IsoQuant command line options

Basic options

--output (or -o) Output folder, will be created automatically.

Note: if your output folder is located on a shared disk, use --genedb_output for storing reference annotation database.

--help (or -h) Prints help message.

--full_help Prints all available options (including hidden ones).

--test Runs IsoQuant on the toy data set.

Input options

--data_type or -d Type of data to process, supported values are: pacbio_ccs (same as pacbio), nanopore (same as ont) and assembly (same as transcripts).
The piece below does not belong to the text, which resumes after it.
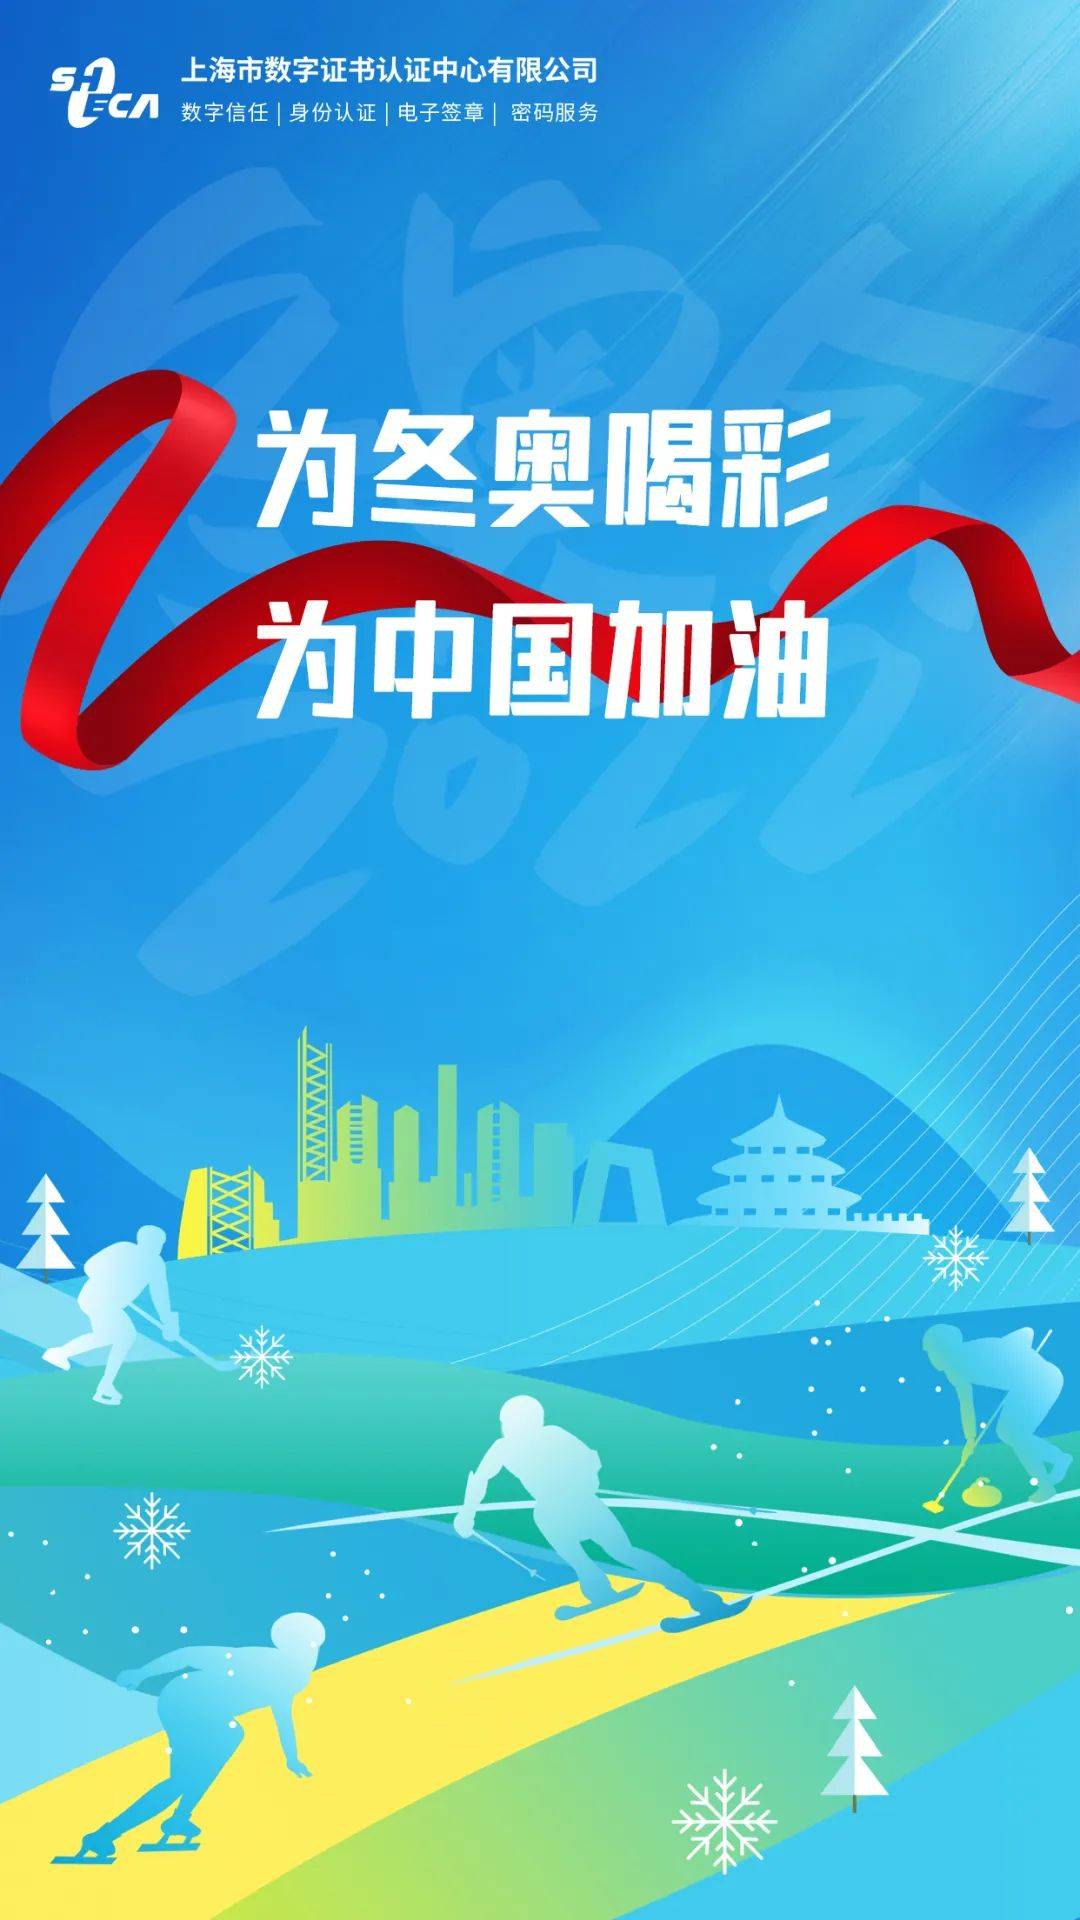 冬奥会为中国健儿加油图片

This option affects the algorithm parameters.

Note, that for novel mono-exonic transcripts are not reported for ONT data by default, use --report_novel_unspliced true.

--reference or -r Reference genome in FASTA format (can be gzipped), required even when BAM files are provided.
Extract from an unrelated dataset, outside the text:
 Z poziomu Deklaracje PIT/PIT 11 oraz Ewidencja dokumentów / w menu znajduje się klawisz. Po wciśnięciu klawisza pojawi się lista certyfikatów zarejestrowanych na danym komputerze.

--index Reference genome index for the specified aligner (minimap2 by default), can be provided only when raw reads are used as an input (constructed automatically if not set).

--genedb or -g Gene database in gffutils database format or GTF/GFF format (can be gzipped). If you use official gene annotations we recommend to set --complete_genedb option.

--complete_genedb Set this flag if gene annotation contains transcript and gene meta-features. Use this flag when providing official annotations, e.g. GENCODE. This option will set disable_infer_transcripts and disable_infer_genes gffutils options, which dramatically speeds up gene database conversion (see more here).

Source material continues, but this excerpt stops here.